Хорошая новость в том, что платить за это не придется – не придется даже выходить из дома. Чтобы исследовать свою эмоциональную жизнь с помощью сновидений, нужно только обращать на них внимание, вести записи и размышлять над сообщениями из вашего эмоционального мозга – лимбической доли. Если вы, как и я, ученый, вам доступно и большее. Вы можете построить на сновидениях новую теорию сознания.
6. Эмпатическое эго
Вы когда-нибудь наблюдали за ребенком, который только учится ходить? Вот он бросается к желанной цели и, споткнувшись, падает ничком. Ребенок поднимает голову и ищет взглядом мать. На его лице при этом нет выражения. Он не выказывает никаких эмоций. Чтобы понять, что случилось, он смотрит в лицо матери. Плохое случилось или хорошее? Мне плакать или смеяться?

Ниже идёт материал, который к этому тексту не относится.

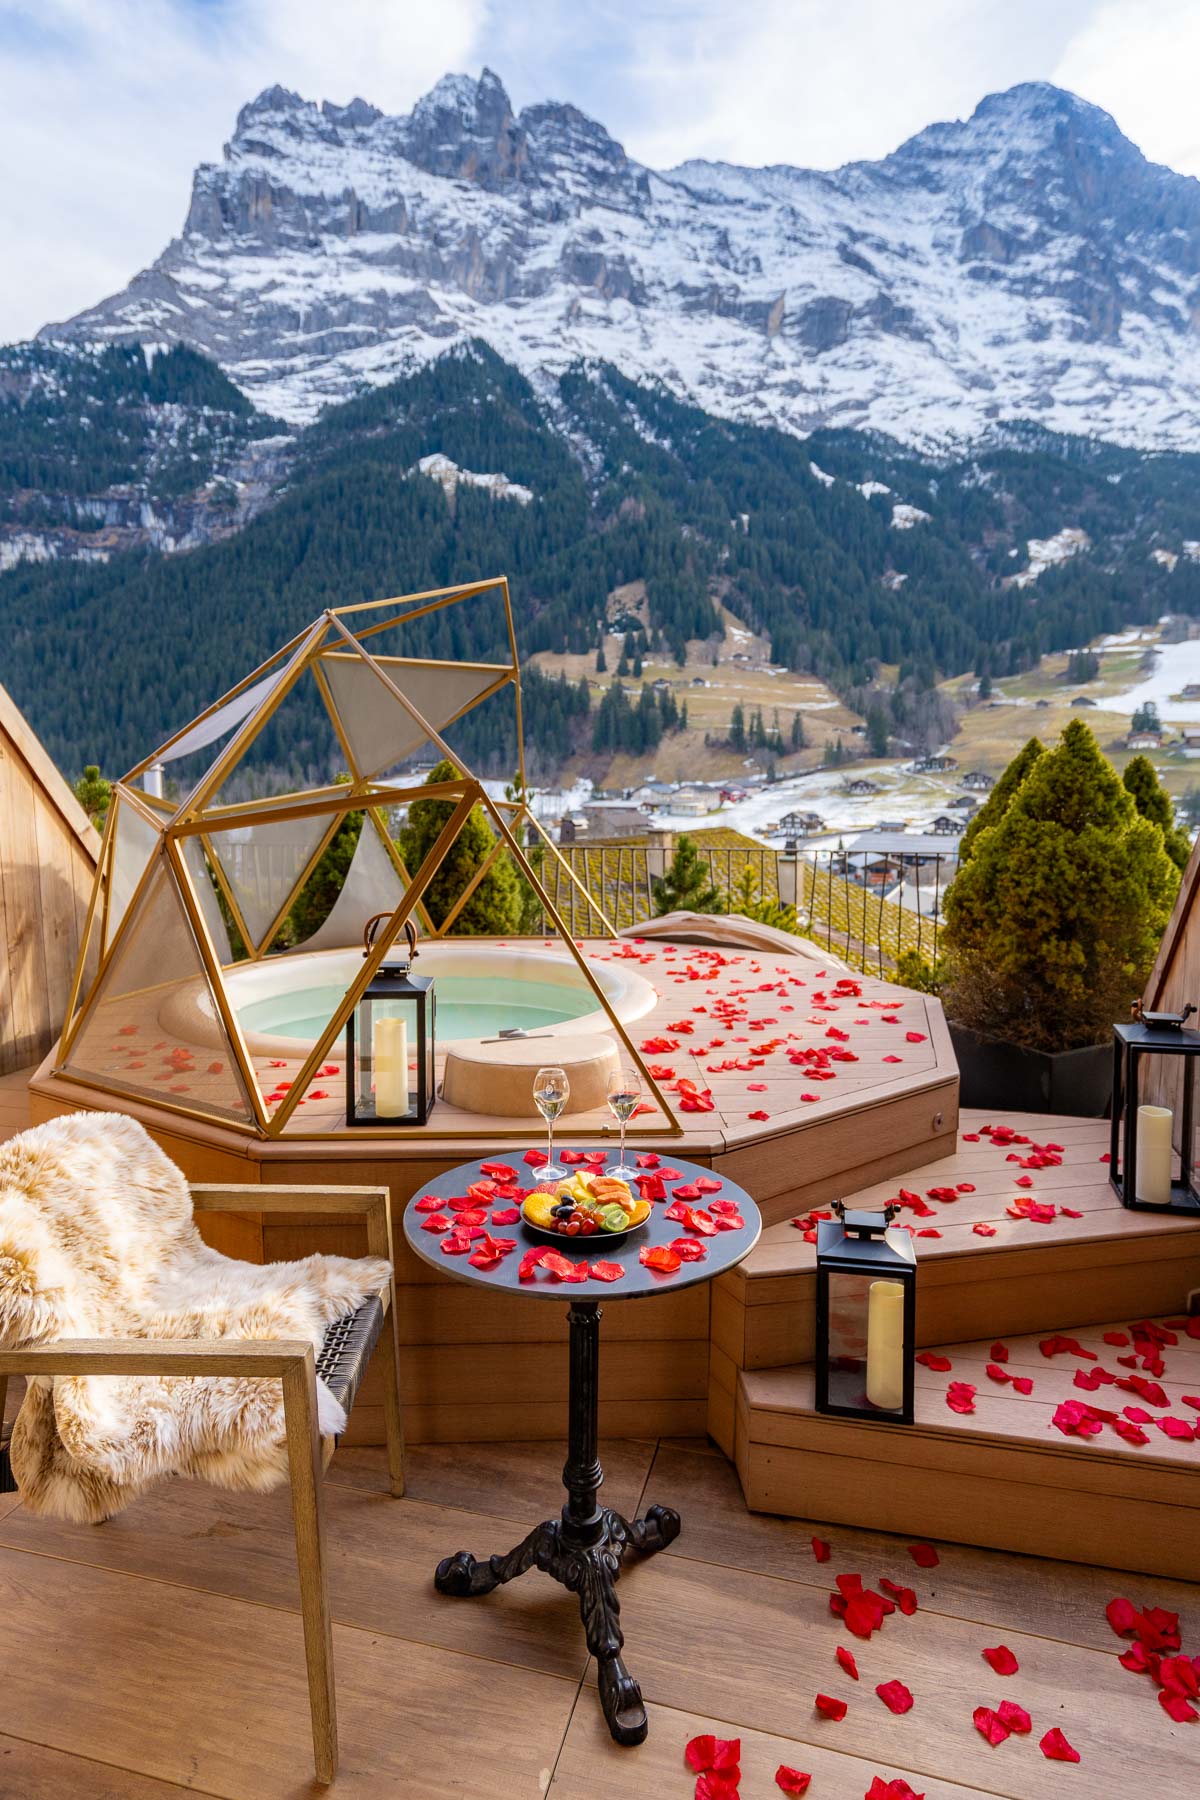 Outdoor hot tub of the Signature Room at Boutique Hotel Glacier

У годовалых детей еще нет автономной я-модели (впрочем, ни у кого из нас, вероятно, нет я-модели, независимой от других). На таких маленьких детях мы наблюдаем важный факт, относящийся к нашему феноменальному эго: у него есть не только нейронный, но и социальный коррелят. Малыш еще не знает, что ему следует чувствовать, потому и заглядывает в лицо матери, определяя эмоциональный контент собственного сознательного опыта. У его я-модели еще не сформировался устойчивый эмоциональный слой, к которому можно обращаться, чтобы понять серьезность происшедшего. Удивительно: еще несколько месяцев назад эти два биологических организма были одним, пока их не разделили роды. Их эго, их феноменальные я-модели на функциональном уровне все еще тесно связаны. Когда малыш, взглянув на мать, облегченно улыбается, в его феноменальной я-модели возникает внезапный переход. Он выясняет, что вовсе не ушибся, что это всего-навсего неожиданность. Двусмысленность снимается – теперь он знает, что чувствует!